Filter data

This vignette shows how to filter WATLAS data based on spatial boundaries, temporal specifications, error estimates and speed.

Loading the data

# packages
library(tools4watlas)
library(lubridate)
library(sf)
library(ggplot2)
library(scales)
library(viridis)

# path to csv with raw data
data_path <- system.file(
  "extdata", "watlas_data_raw.csv",
  package = "tools4watlas"
)

# load data
data <- fread(data_path, yaml = TRUE)

Spatial filtering

Depending on the analysis, can make sense to use a spatial filter to exclude large outliers or subset only data from an area of interest.

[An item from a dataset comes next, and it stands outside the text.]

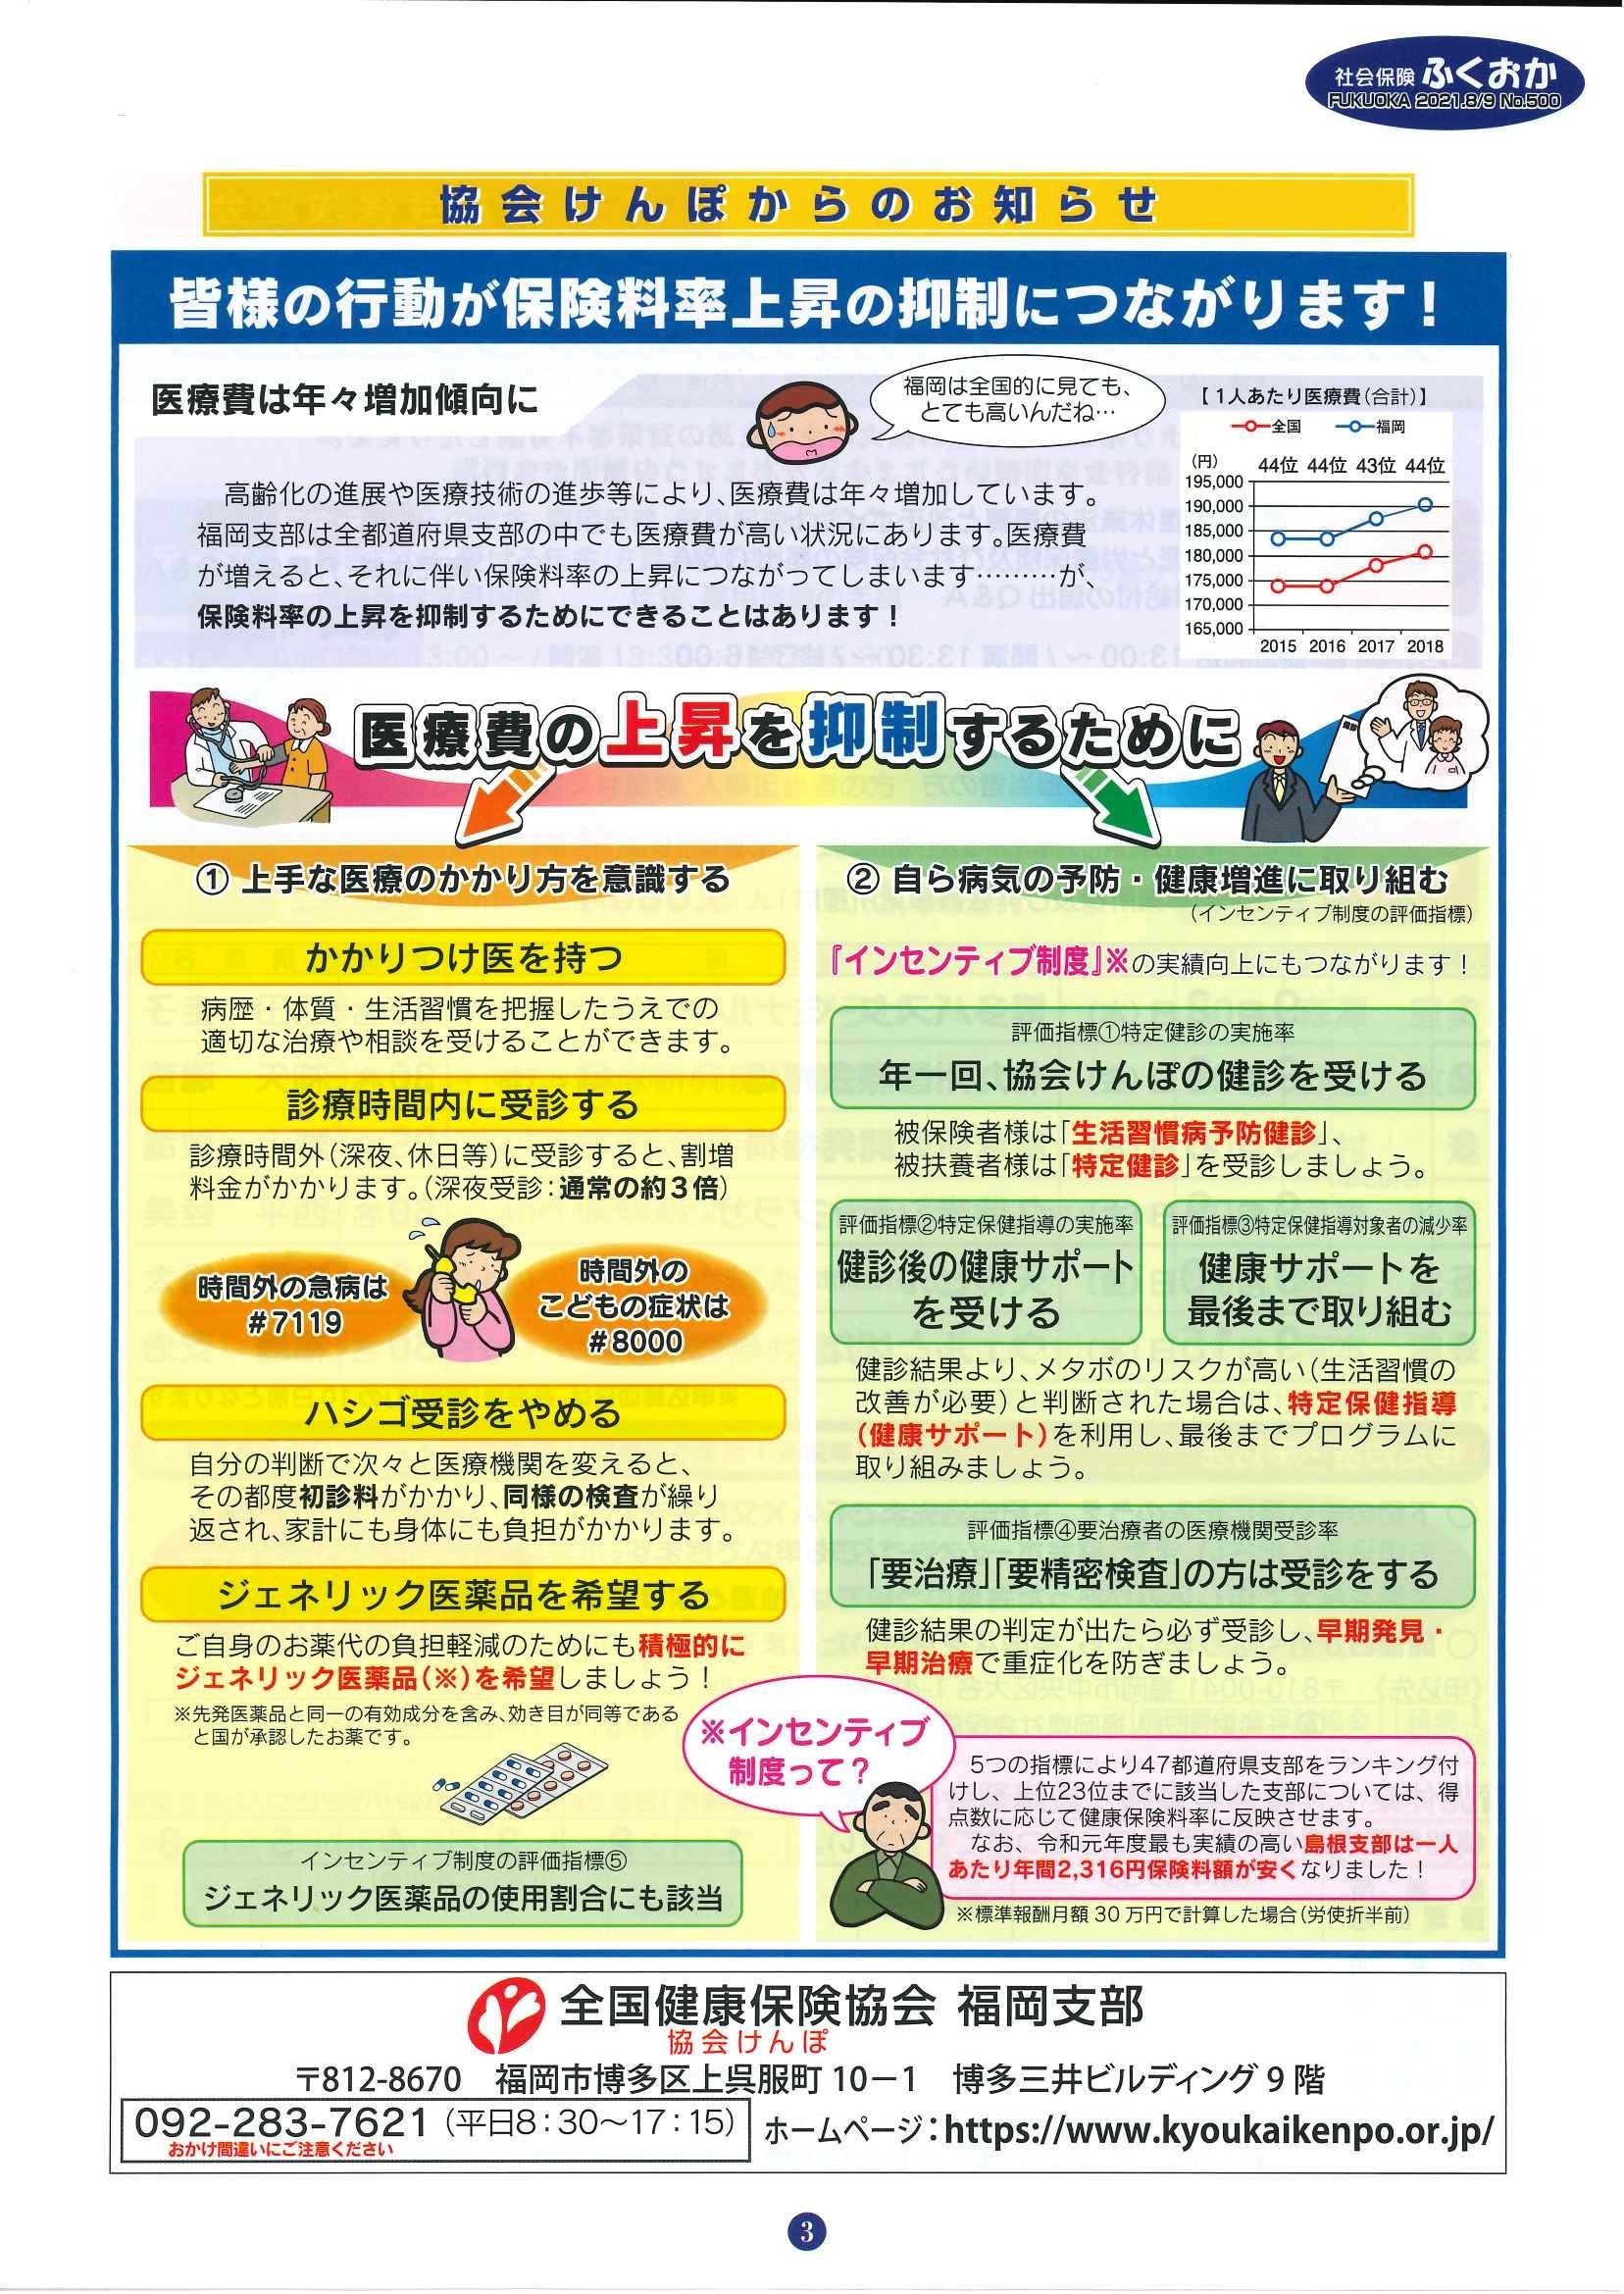 社会保険「ふくおか」2021年 8・9月号_f0120774_09561469.jpg

In this example we subset all data around Griend, Richel and Ballastplaat. Note that in this example all data are within the specified bounding box, so no data will be filtered out.

# location east of Griend
griend_east <- st_sfc(st_point(c(5.275, 53.2523)), crs = st_crs(4326)) |>
  st_transform(crs = st_crs(32631))

# rectangle including Griend, Richel and Ballastplaat
bbox <- atl_bbox(griend_east, asp = "16:9", buffer = 8000)
bbox_sf <- st_as_sfc(bbox)

# create a base map
bm <- atl_create_bm(buffer = 10000)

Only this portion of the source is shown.